Zwei Jusos in Rohrböcks Dunstkreis

Am dem Beispiel lässt sich ein Muster beschreiben, nach dem Rohrböcks Netzwerk funktioniert: Neue Mitarbeiter werden für ihm nahestehende Medien rekrutiert und durch Geld und positive Berichterstattung beeinflussbar gemacht. Offenbar sind so auch zwei Juso-Mitglieder aus dem Landkreis Offenbach in sein Netzwerk geraten. Felix D. aus Rodgau hat gemeinsam mit Martina S. "Landfall Media" verantwortet. Er will aus journalistischer Neugier für Kryptowährungen an das Medium geraten sein und nichts von den Verbindungen zum Depeschen-Netzwerk gewusst haben, erklärt er auf hr-Anfrage.
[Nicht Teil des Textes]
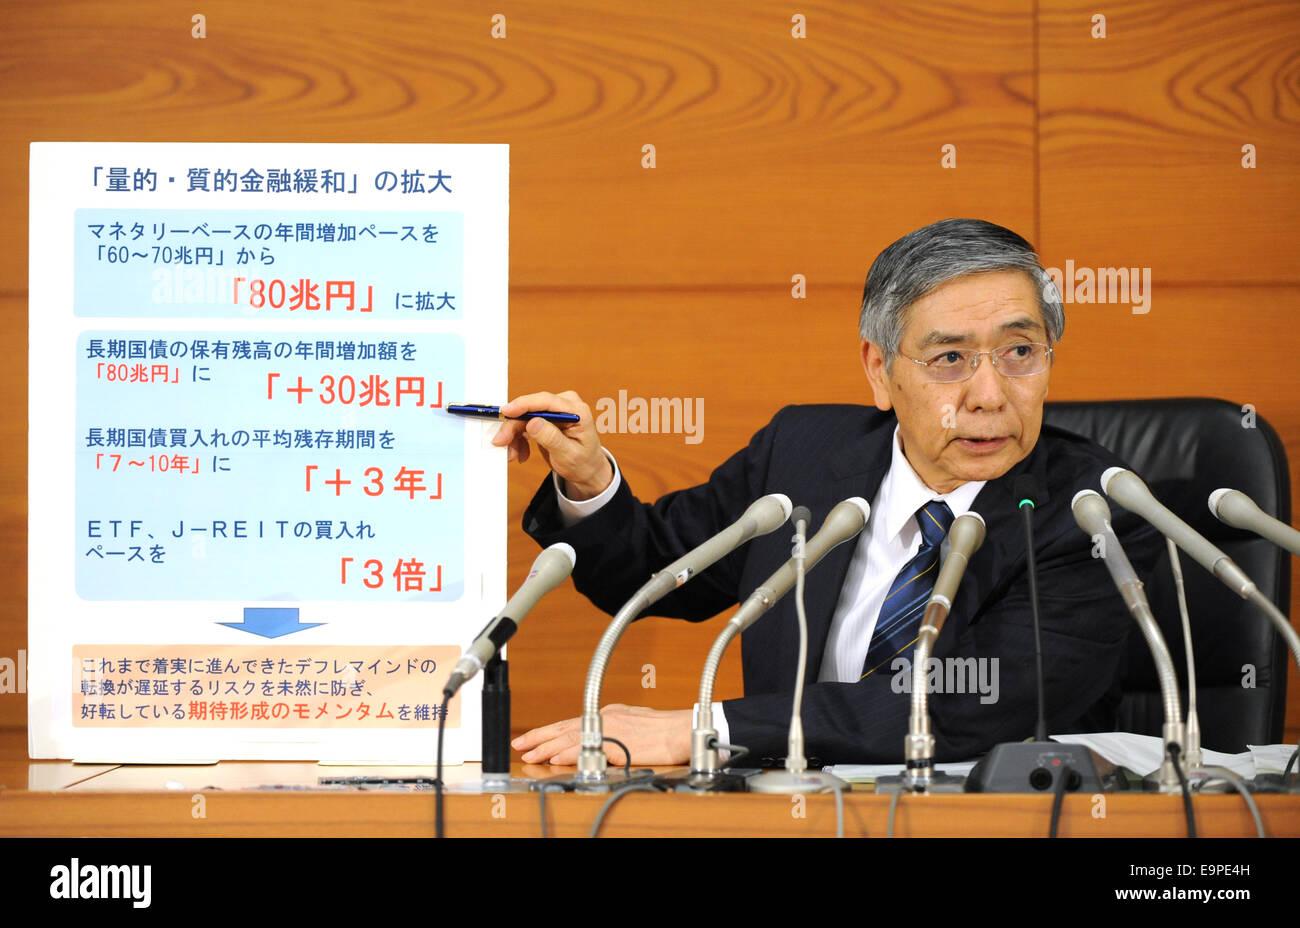 Tokyo, Japan. 31st Oct, 2014. Haruhiko Kuroda, governor of the Bank of Japan (BOJ), attends a press conference at - Stock Image

Der zweite Juso, Kevin M., ist inhaltlich verantwortlich für den "Rodgauer Morgen", ein Onlineportal, in dem auffallend häufig Rohrböcks Geschäftsideen beworben werden: etwa die außerhalb seines Netzwerks kaum wahrgenommene Gastronomiebeteiligung "Creamona" oder der Eierkocher "Super-Egg 3000". Auch Kevin M. will bislang keine Kenntnis von Rohrböcks Einfluss gewusst haben, gibt allerdings auf hr-Anfrage zu, von Bernd Kaus bezahlt zu werden. Kaus ist für die FDP kommunalpolitisch in Gelnhausen aktiv und Geschäftsführer der in Salzburg ansässigen "Austria Depesche". Über diese Gesellschaft läuft nach Recherchen von NDR, WDR und Zeit ein halbes Dutzend Medien aus Rohrböcks Dunstkreis.

"Unvereinbar mit sozialdemokratischen Werten"

Der Vorsitzende des Juso Bezirksverbandes Hessen Süd, Simon Witsch, zeigt sich schockiert über die möglichen Verbindungen der beiden Mitglieder zum rechten Rand des politischen Spektrums. Brisant wird der Fall auch dadurch, dass Felix D. parallel zu seinem Engagement für "Landfall Media" für den Social-Media Auftritt der Jusos arbeitet. Sollte sich die Beziehung zu Rohrböck und den Depeschen bestätigen, sind aus Sichts Witschs Konsequenzen notwendig. Dies könne im Rahmen eines Schiedsverfahren geschehen, über das die SPD befinden müsse. "Für uns ist klar, dass wir eine Tätigkeit mit diesem Netzwerk für unvereinbar mit sozialdemokratischen Werten halten."